**Data segment**
_____
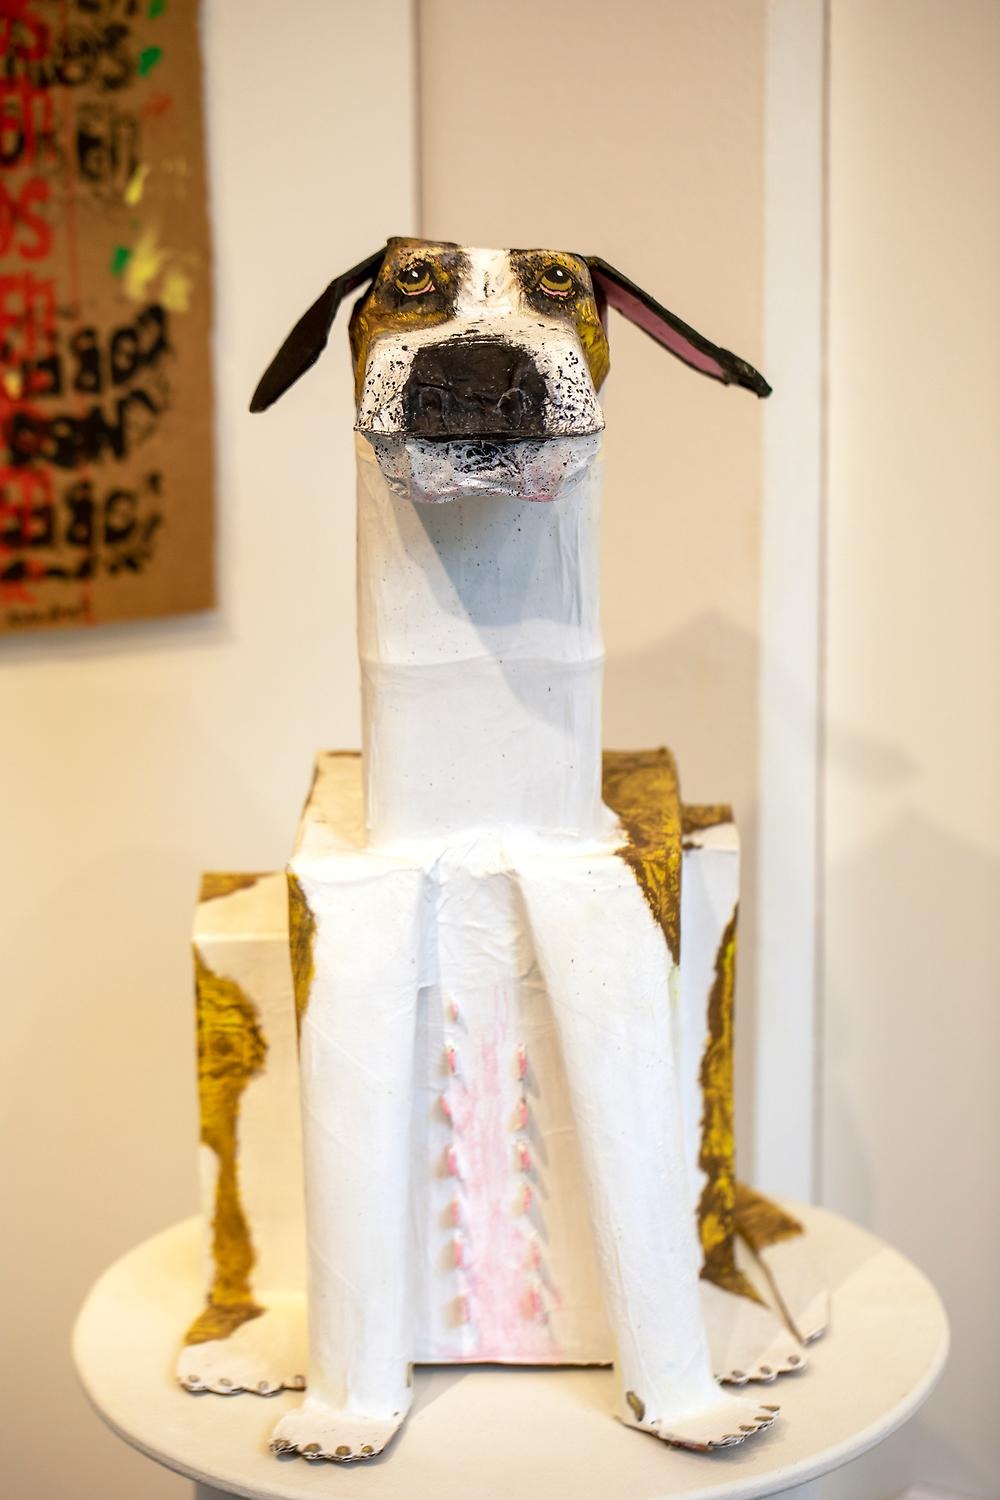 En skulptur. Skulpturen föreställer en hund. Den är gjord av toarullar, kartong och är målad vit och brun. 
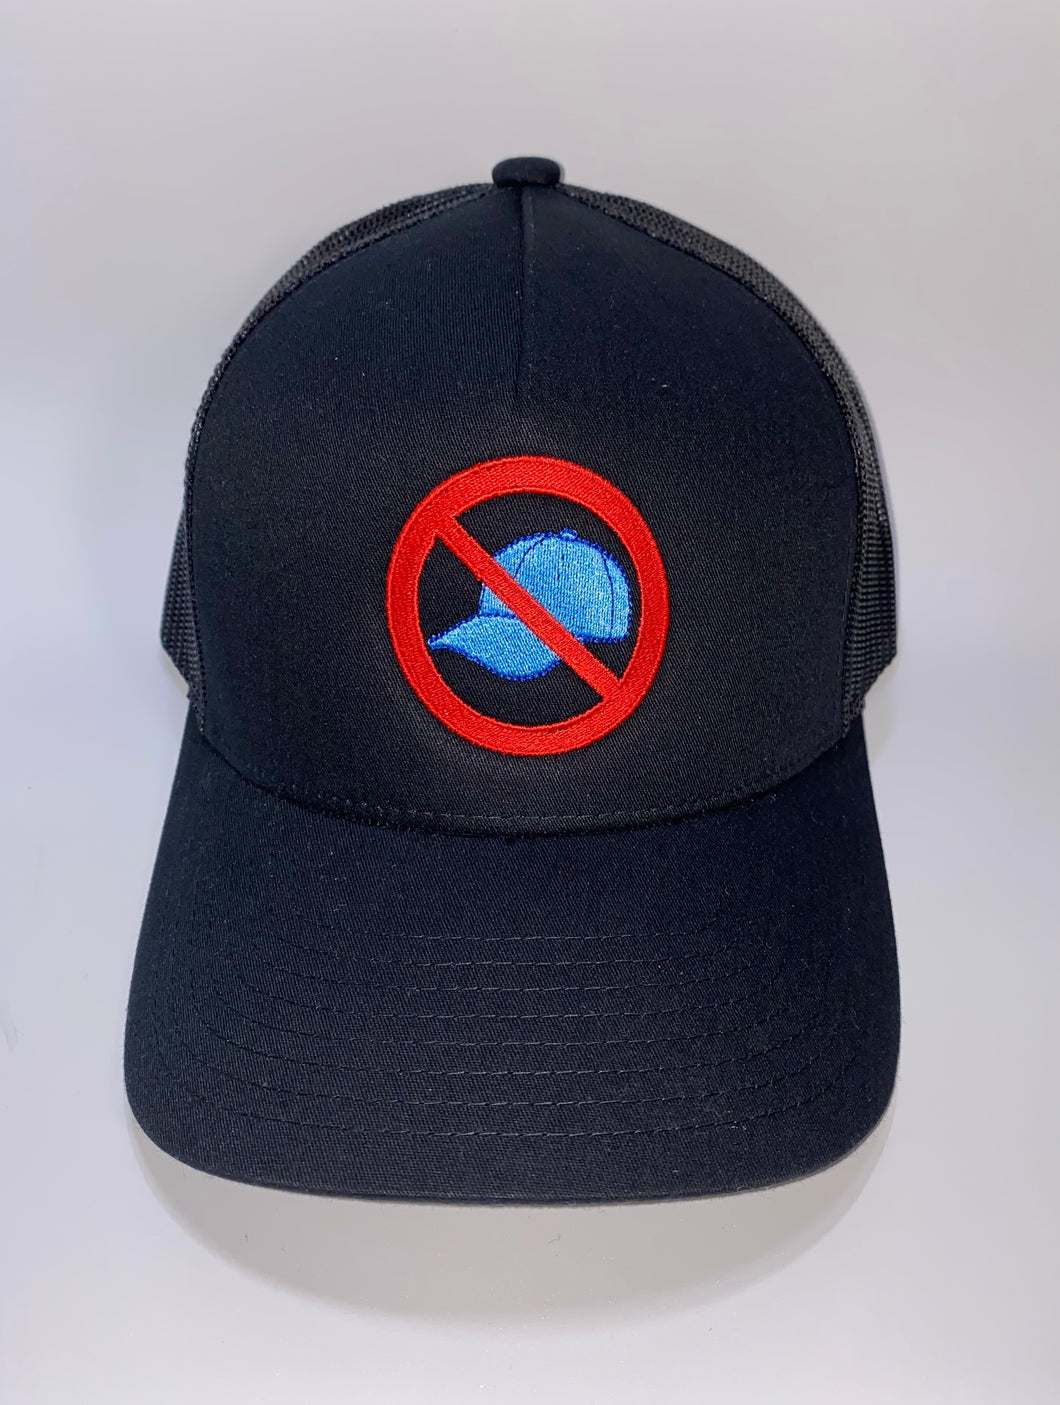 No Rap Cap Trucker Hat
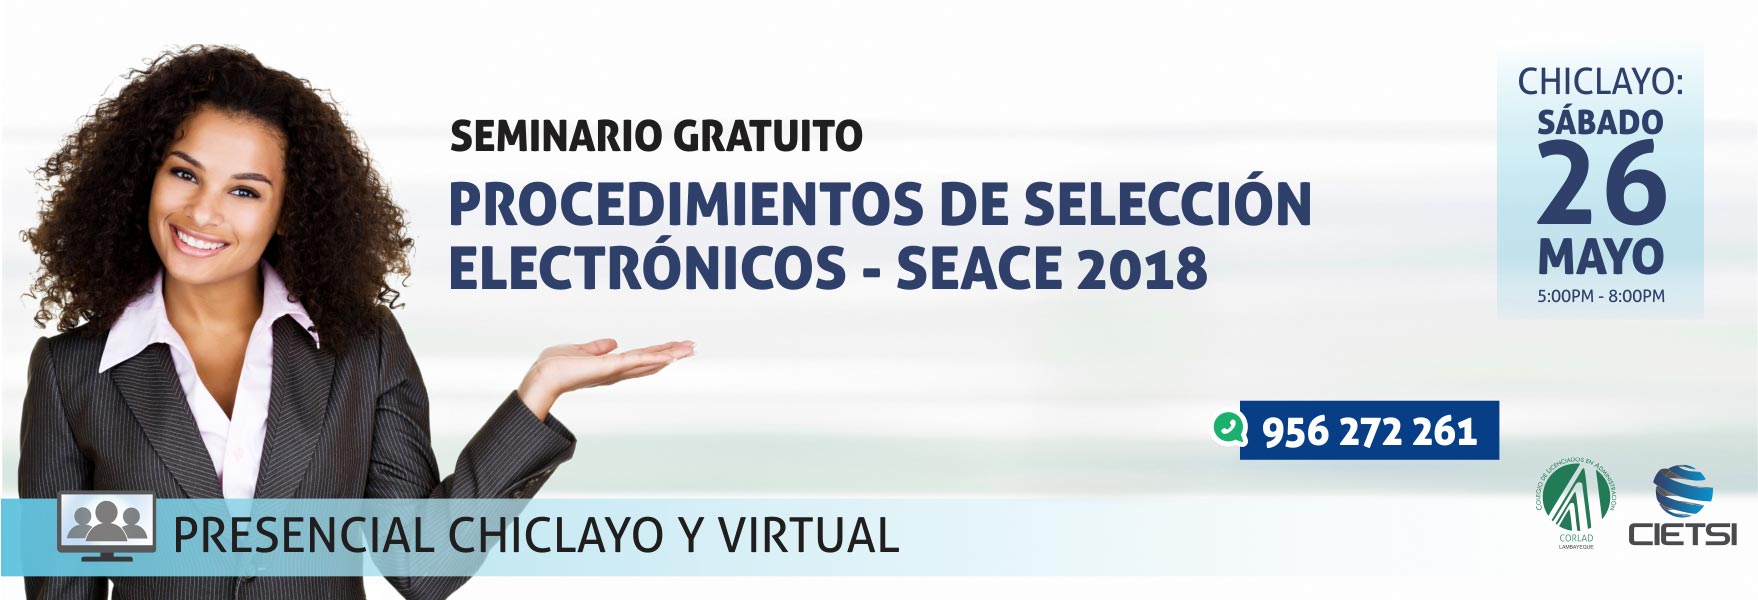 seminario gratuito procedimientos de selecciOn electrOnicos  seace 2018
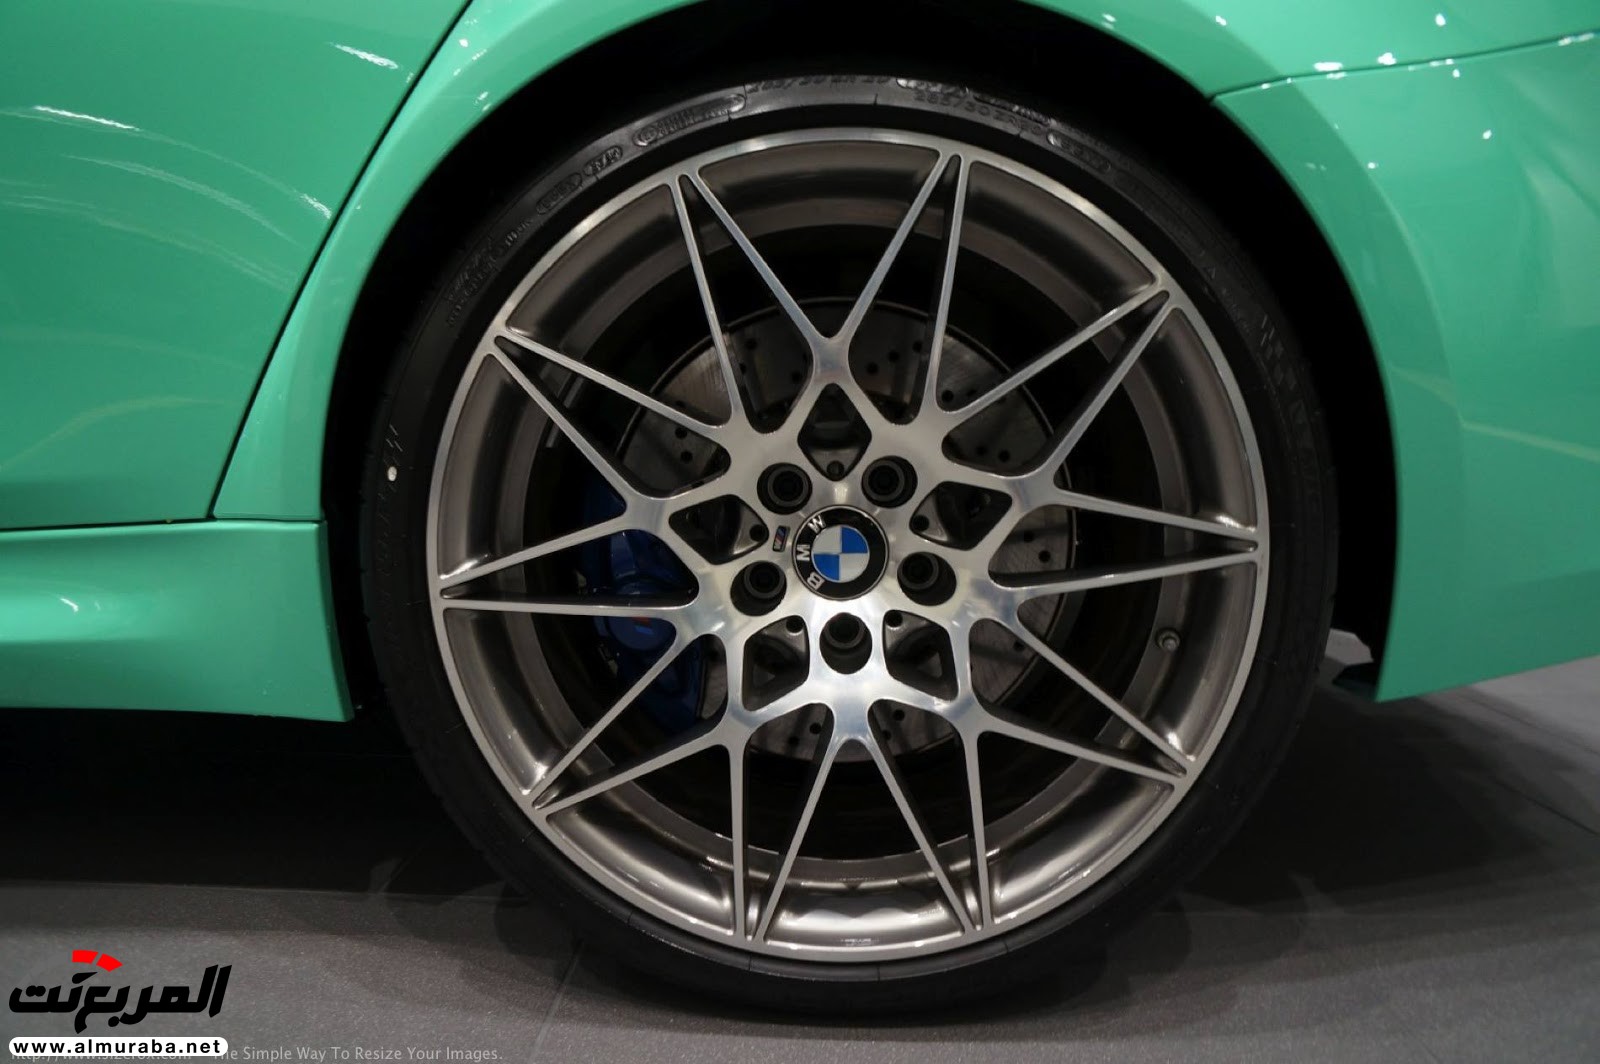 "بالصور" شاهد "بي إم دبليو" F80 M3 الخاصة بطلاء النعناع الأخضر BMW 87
_____
Could the listing above be printed again in full, with every picture omitted?

 En skulptur. Skulpturen föreställer en hund. Den är gjord av toarullar, kartong och är målad vit och brun. 
 No Rap Cap Trucker Hat
 seminario gratuito procedimientos de selecciOn electrOnicos  seace 2018
 "بالصور" شاهد "بي إم دبليو" F80 M3 الخاصة بطلاء النعناع الأخضر BMW 87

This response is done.